1. A deep learning reasoning method combining dispersive equipment cooperative computing and cache is disclosed, the method utilizes edge scene dispersive computing equipment to cooperatively perform deep learning computing, wherein task initiating equipment performs a part of operation, caches the part of result and final label, if the similarity between the intermediate result and the content in the cache reaches a certain degree, the label in the cache is used as the result, otherwise the intermediate result is transmitted to other dispersive equipment to continue computing to obtain the final result and transmit the final result back to the task initiating equipment, the method comprises a dispersive equipment selecting step and a cache-based distributed deep learning computing step, and is characterized in that:

the dispersion device selecting step includes:

1) all equipment registers equipment information in a registration center, wherein the equipment information comprises an IP address, a port number, a network transmission speed, calculation performance, a memory and a load;

2) selecting the most suitable equipment according to the performance weighting of each equipment to join in the cooperative calculation;

the cache-based distributed deep learning calculation step comprises the following steps:

1) dividing the network according to the neural network model and the performance of the computing equipment, and performing structured pruning on a layer for obtaining an intermediate result;

2) the task initiating device carries out first half part calculation, and inquires whether the intermediate result has a similar value in a cache, and if the intermediate result has the similar value, the result in the cache is used;

3) and when the cache does not have the similar value, sending the intermediate result and the function name to another device by using the dynamically generated proxy class, remotely calling the other device to perform residual calculation, and transmitting the obtained result back to the task initiating device.

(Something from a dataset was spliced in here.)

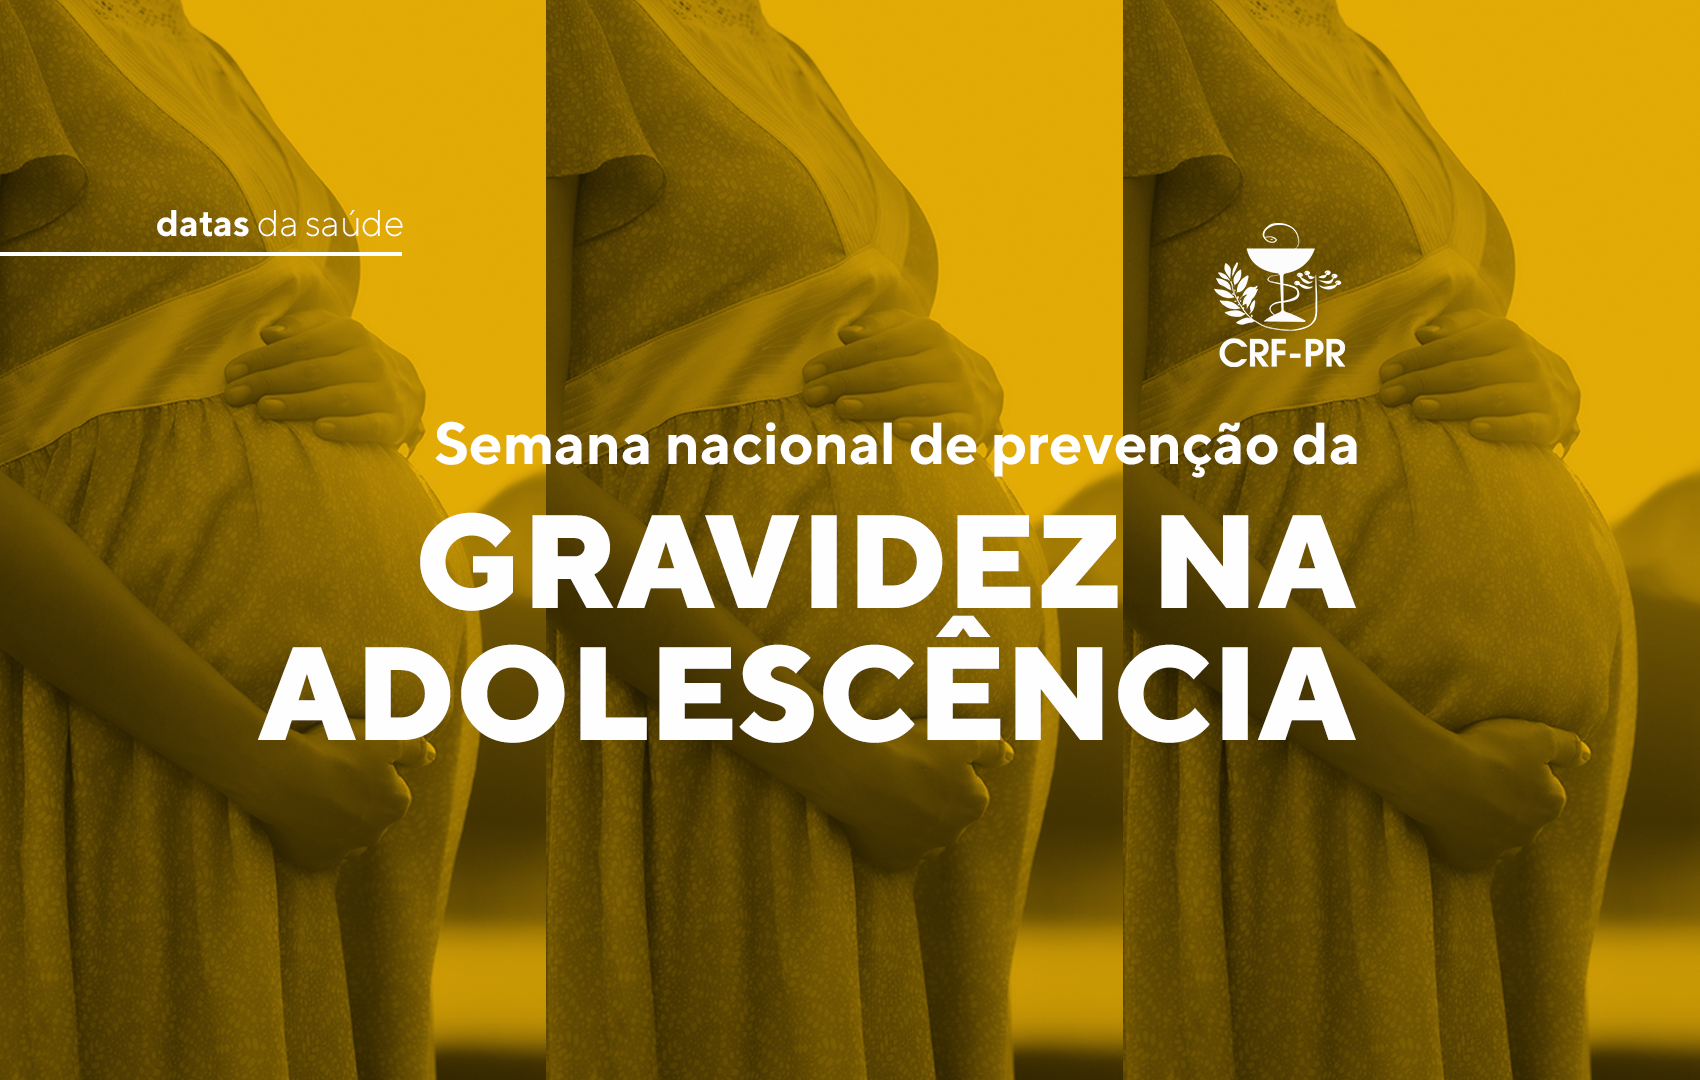 01_02_semana_nacional_de_prevenção_da_gravidez_na_adolescencia_site.png

2. The method according to claim 1, wherein there is a registry, and all devices register their own device information with the registry, and all devices can acquire the information of other devices through the registry.

3. The method of claim 1, wherein after partitioning the network layer, performing a structured pruning operation on the network layer where the intermediate result is obtained.

4. The method of claim 1, wherein the edge devices are geographically dispersed and heterogeneous.

5. The method of claim 1, in which the cached content is a key-value pair of an output of a neural network middle layer and a final result tag.

6. The method of claim 1, in which the computation to obtain the cached key value and the neural network computation by the task initiating device are shared.

7. The method of claim 1, wherein distributed remote invocation is implemented using a dynamic proxy mode, and wherein all remote invocation implementations are responsible for the dynamically generated proxy class.